● **EXERCISE INPUTS**
────────
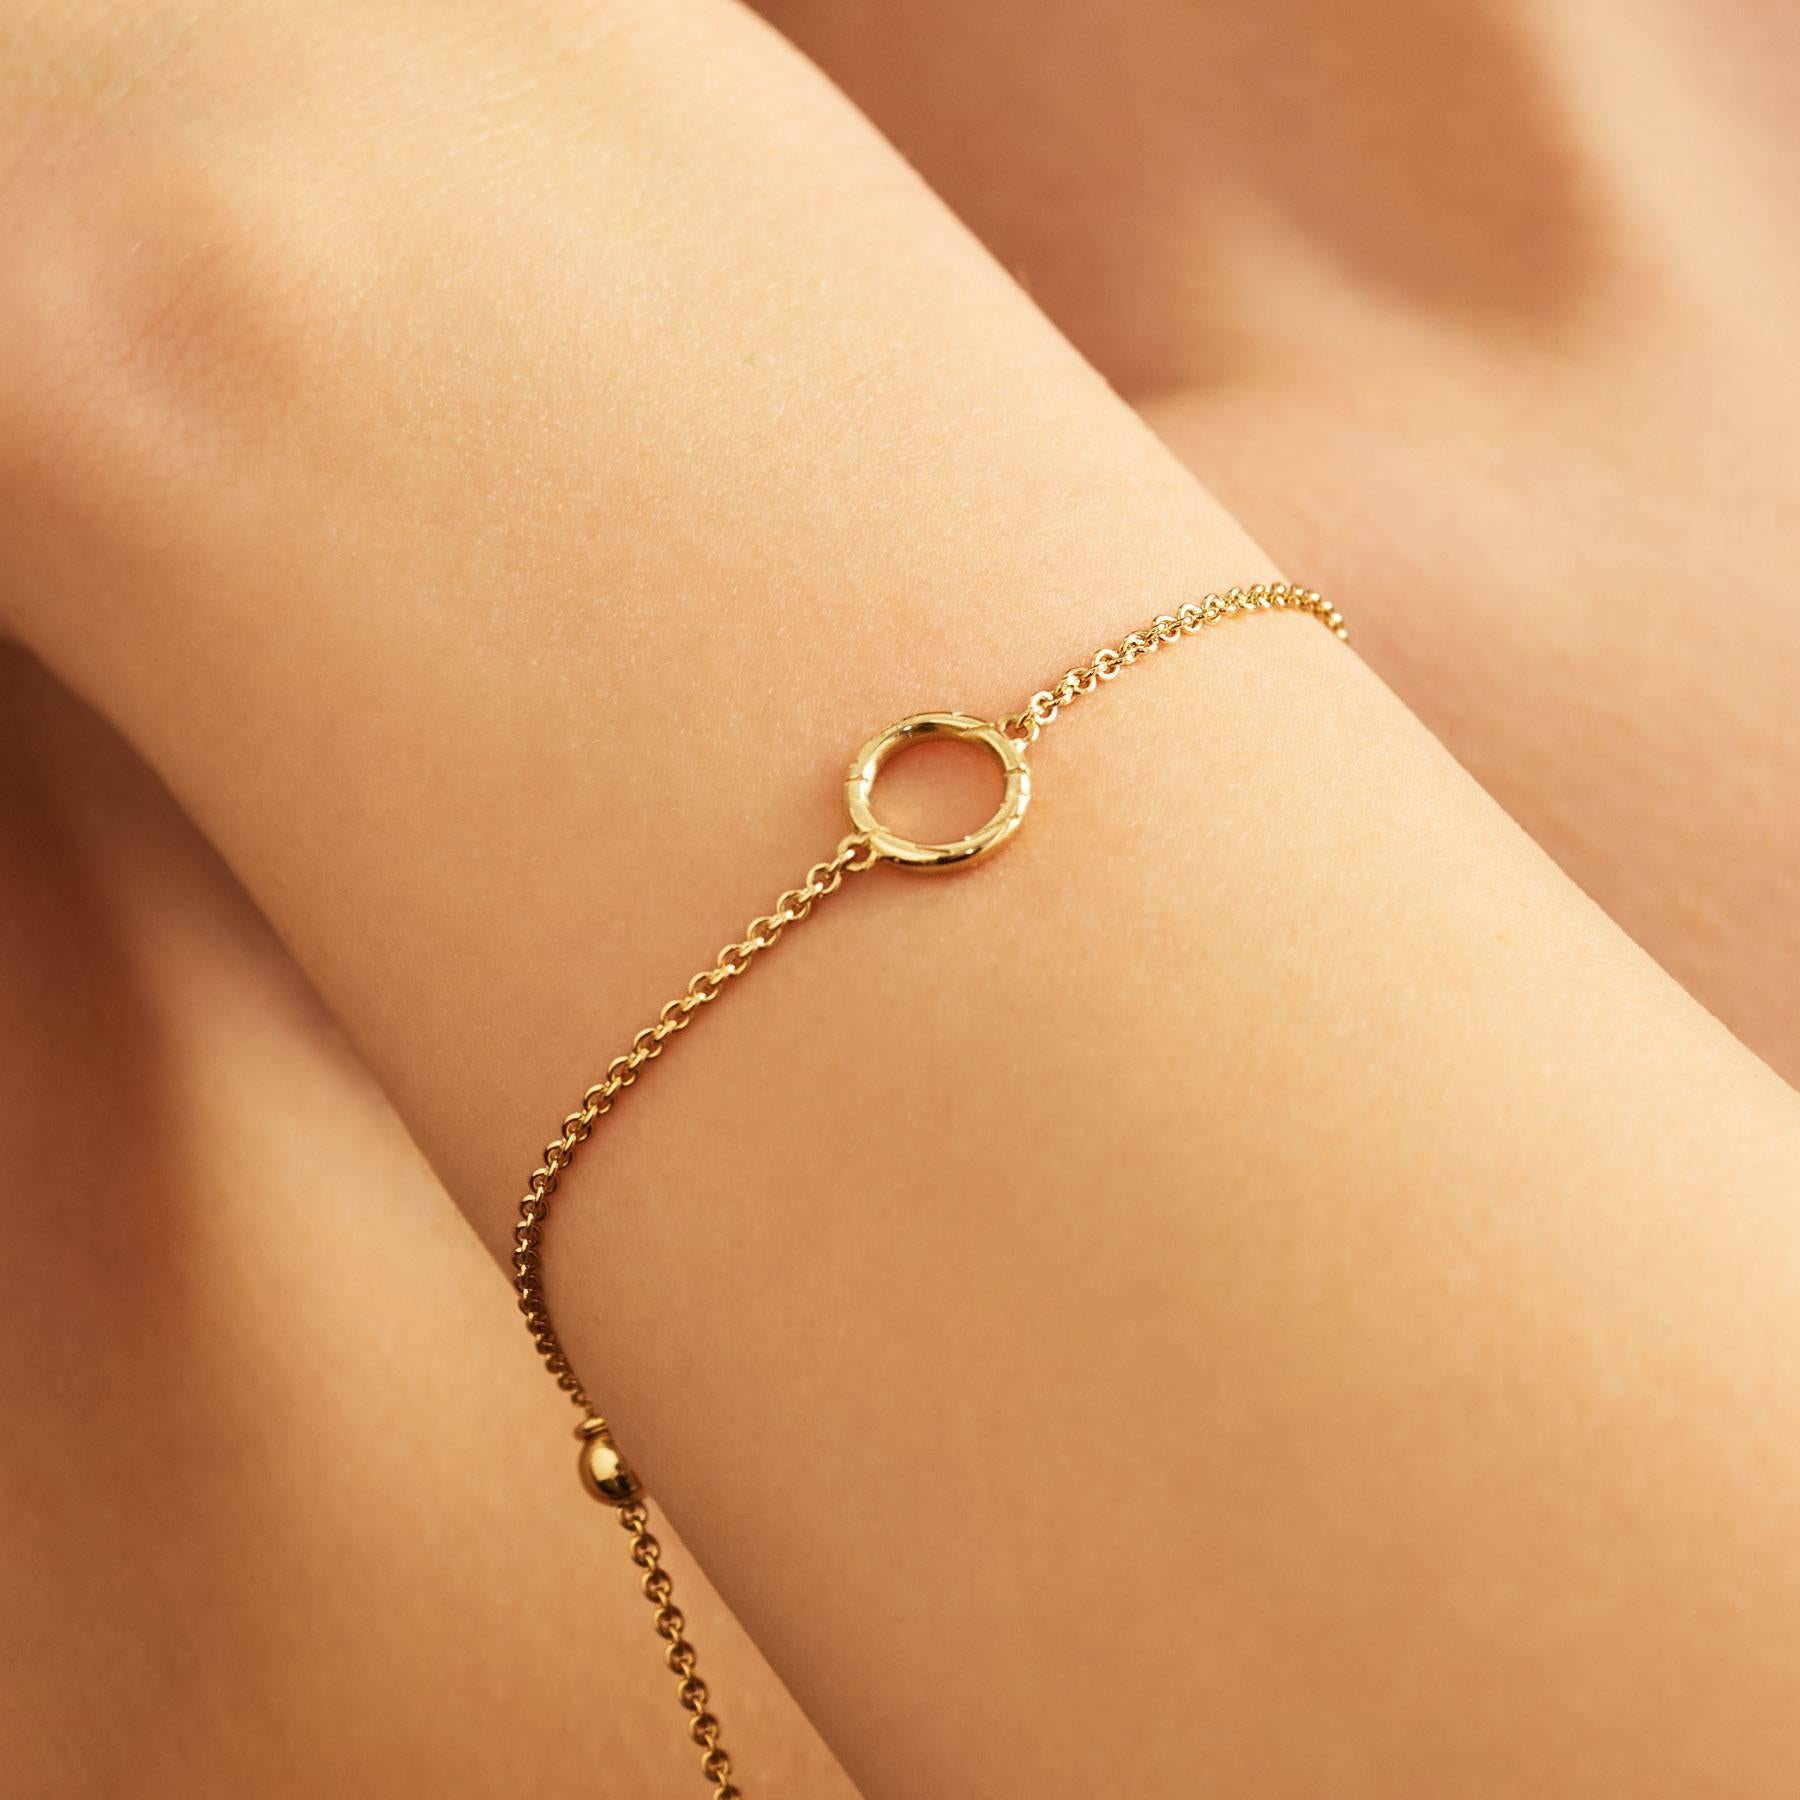 18ct yellow gold with fur texture engraving
Fully adjustable length chain
Circle diameter measuring 9mm
Made in London

A delicate bracelet that works perfectly with any outfit and can be worn on its own or layered with other bracelets form the
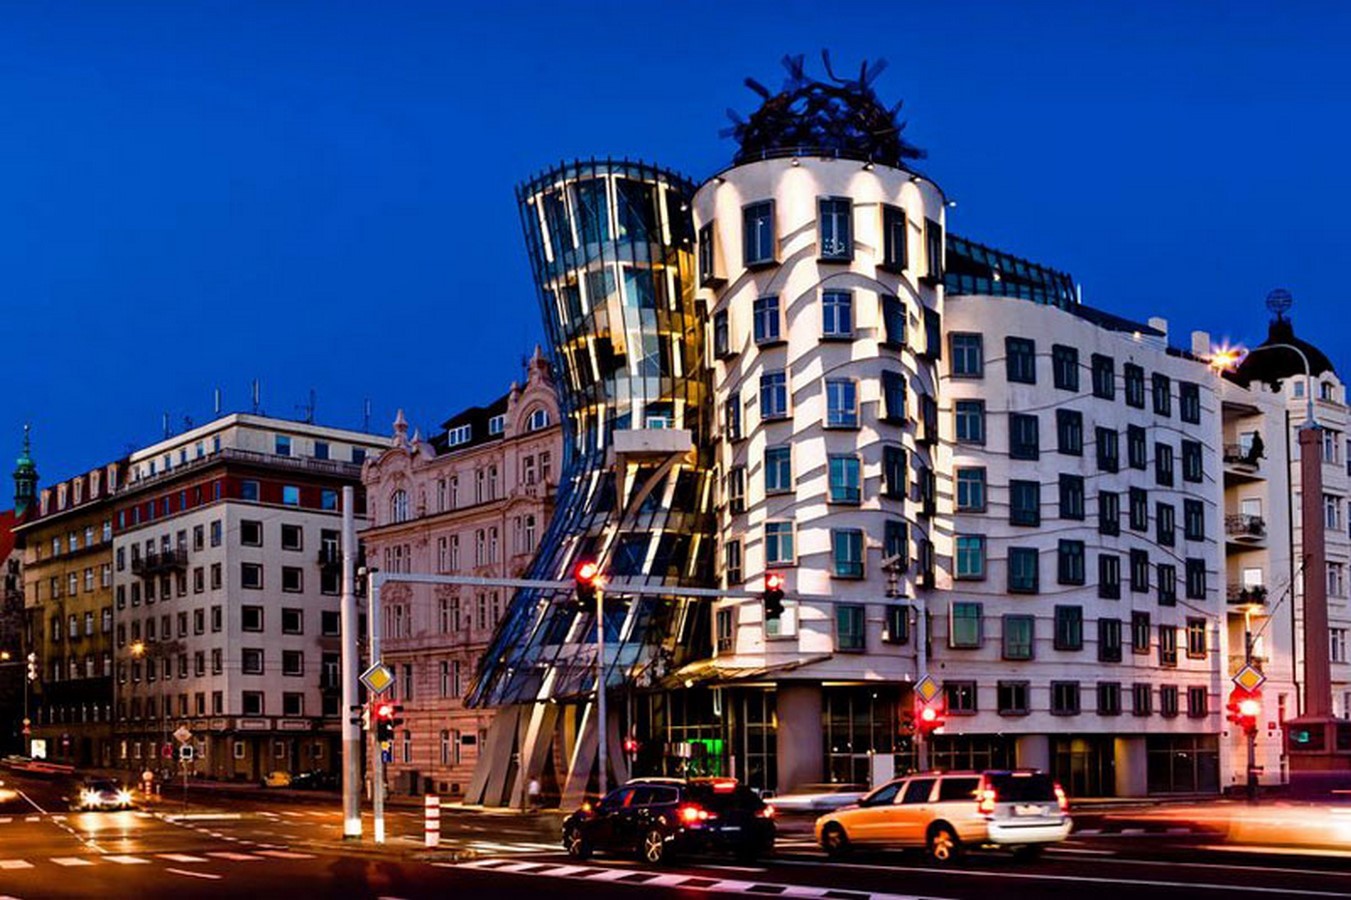 Famous buildings - The Dancing House by Frank Gehry and Vlado Milunic - Sheet1
────────
● **TRY IT**
Drop the pictures and copy the data exactly.

● **ANSWER SECTION**
 18ct yellow gold with fur texture engraving
Fully adjustable length chain
Circle diameter measuring 9mm
Made in London

A delicate bracelet that works perfectly with any outfit and can be worn on its own or layered with other bracelets form the
 Famous buildings - The Dancing House by Frank Gehry and Vlado Milunic - Sheet1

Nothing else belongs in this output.